The beautiful girl with the oval face and the enormous eyes. Her smile was suggestive and mocking at the same time. She stood just ahead of them. A handful of other people were walking around—couples hand in hand, a trio of guys obviously heading for the T after spending some time at a bar. They checked the girl out as they passed, but there were no catcalls, no comments. It was almost as if they knew better.

Jack froze, pulled Molly's hand so that she came to a stop beside him. With a grunt of surprise, Molly shot him a fearful look.

"That's her," Jack said.

Molly pulled the stun gun out of her coat pocket, where she had stashed it on their run up the stairs.

"My name's Don," the girl said. "Thanks for the chase. A good hunt always helps me work up my appetite."

Then, there in the middle of City Hall Plaza, she changed.

It took only a few moments. The drunk guys shouted something and ran toward the T station. A twenty-something couple coming up behind the Prowler stopped short before taking off in the other direction.

Don crouched before them, ready to spring. She growled and began to advance.

"Get ready to split up," Jack whispered to Molly. "You go right, I'll go left. And use that Taser."

With a high, ululating cry, Don charged them.

The night exploded with gunfire.

Don's body danced under the onslaught of bullets, blood splashed over the concrete wasteland, and then the Prowler's corpse dropped to the ground in front of them.

Jack looked up in astonishment as the police moved in.

From the top of the steps that led out of City Hall Plaza and toward Quincy Market, Jasmine watched in

disgust and frustration as Dori was cut down, slaughtered there on the concrete. The police surrounded the two humans who had been her chosen prey.

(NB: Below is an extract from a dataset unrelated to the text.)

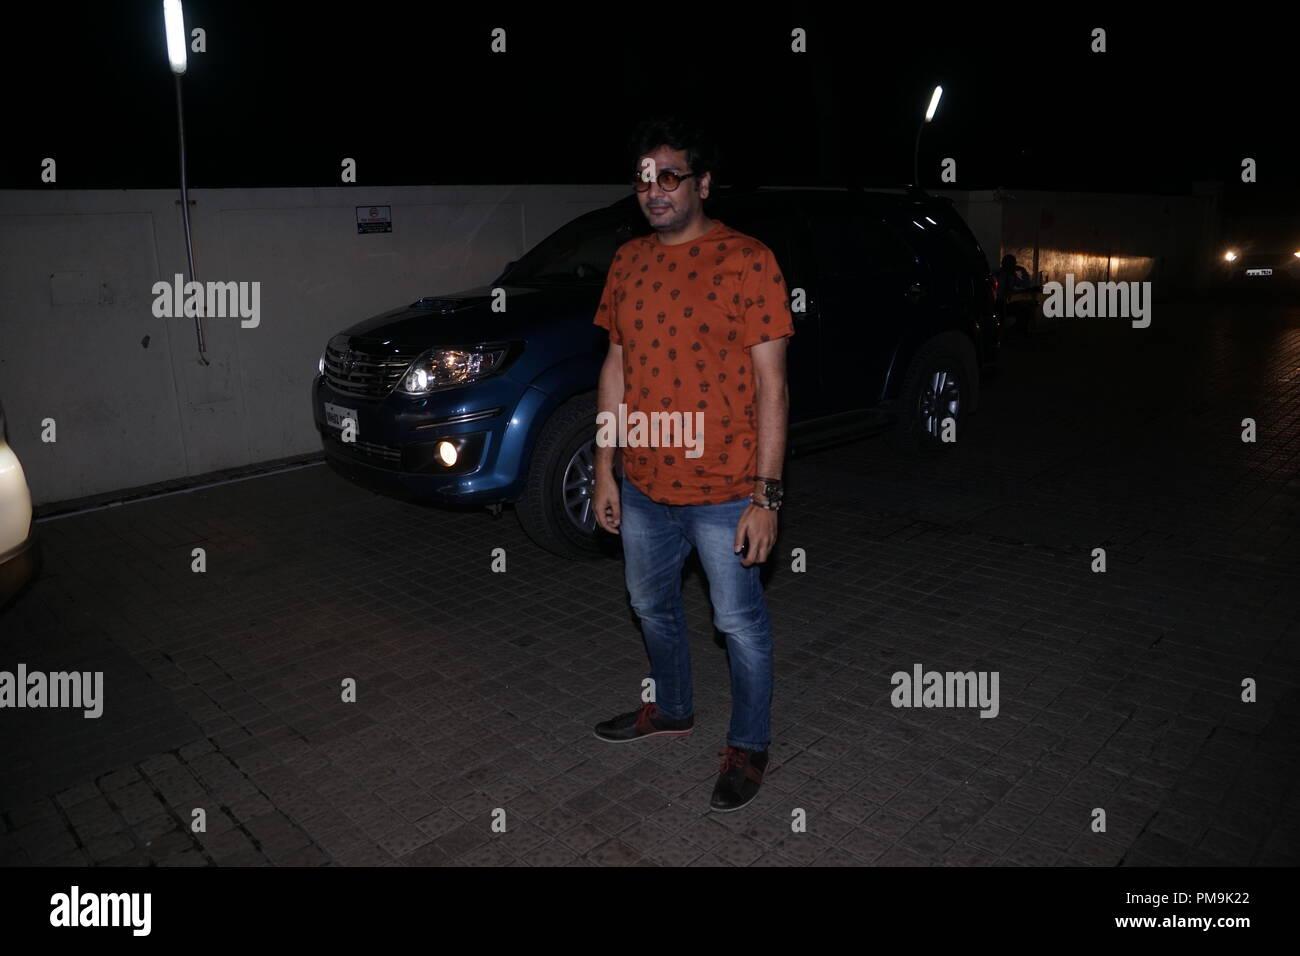 Mumbai, India. 17th Sep 2018. casting director Mukesh Chhabra during Special  screening of movie 'Manto' at PVR juhu in Mumbai on 17th sep 2018. Photo by Prordip Guha Credit: Prodip Guha/Alamy Live News - Stock Image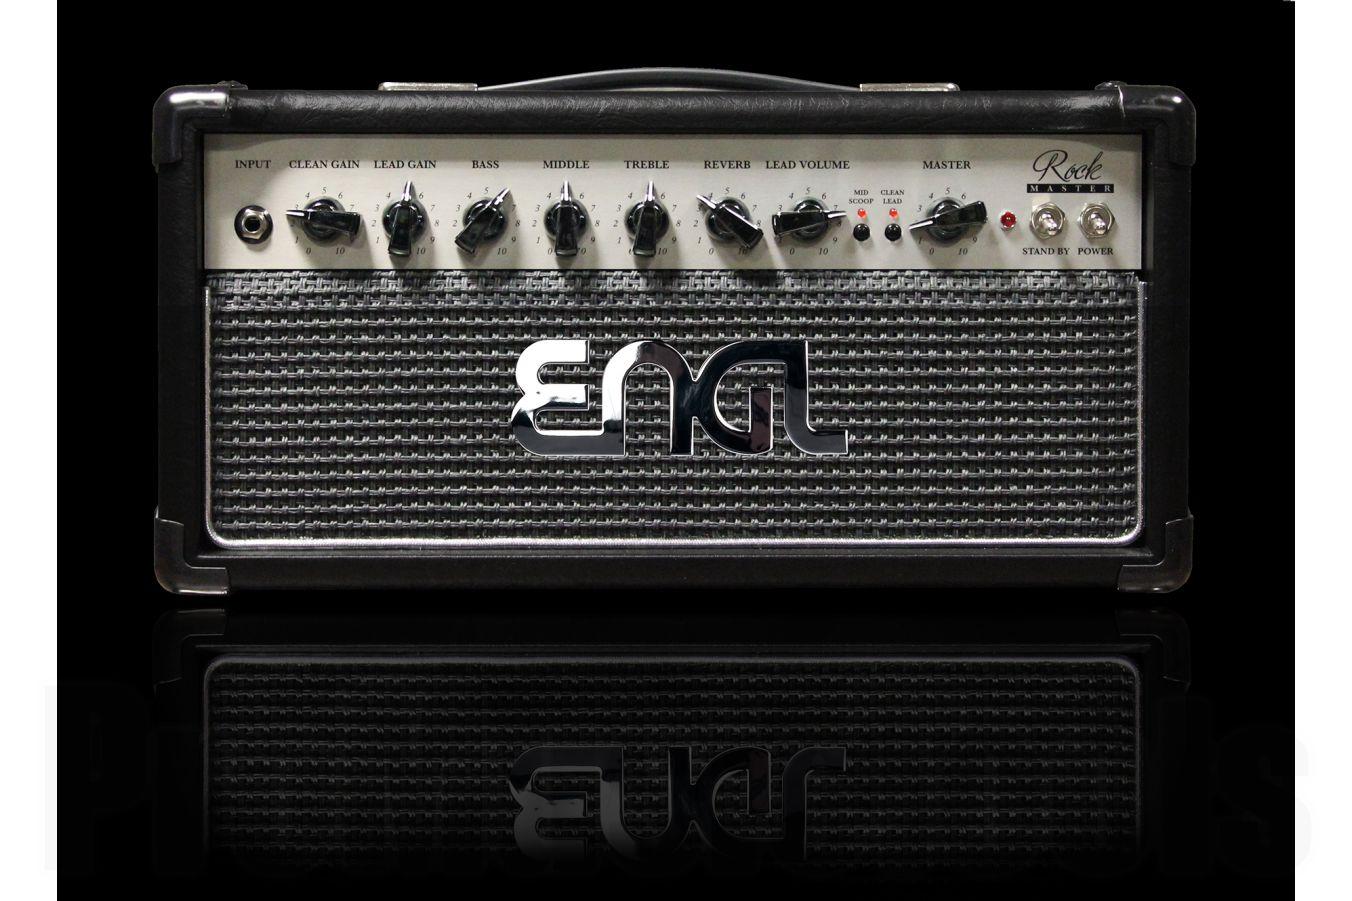 Engl Rockmaster 20 Head E307 - b-stock (1x opened box)

Police. Dozens of witnesses. Prey who had survived.

Boston was no longer safe for them.

Tanzer would not be pleased.

CHAPTER 10

The cops let Jack and Molly walk away.

Despite all they'd been through that night, it was that one thing that disturbed Jack more than anything else. After all that had happened on the train, in the station, and right there in City Hall Plaza a hundred yards from the mayor's office—after dozens of eyewitnesses had seen a Prowler in the flesh and the police had shot one to death—the cops had let them walk away.

Bridget's Irish Rose was still buzzing with pub business downstairs—the restaurant was closed—but Courtney and Bill left work behind the minute Jack and Molly came in and began to tell them what had happened. Molly looked like hell, pale and wide-eyed, hair even wilder than usual. She appeared afraid it would start again at any minute.

Jack understood. Though he tried to remain calm, he felt the same way. Every shadow suddenly seemed

alive to him. Every strange face seemed impermanent, as if at any moment it might change, might become monstrous and savage. It was chilling.

Now the four of them sat around the kitchen table in the upstairs apartment, trying to understand.

"I don't get it," Courtney said, shaking her head. She glanced at Jack, then looked to Bill as though she thought he might have the answer. "How could the police just let them walk away after all that?"

Big Bill stroked his beard and studied Jack. His eyes did not move at all. He was focused only on Jack. "You tried to tell them what happened?" he asked.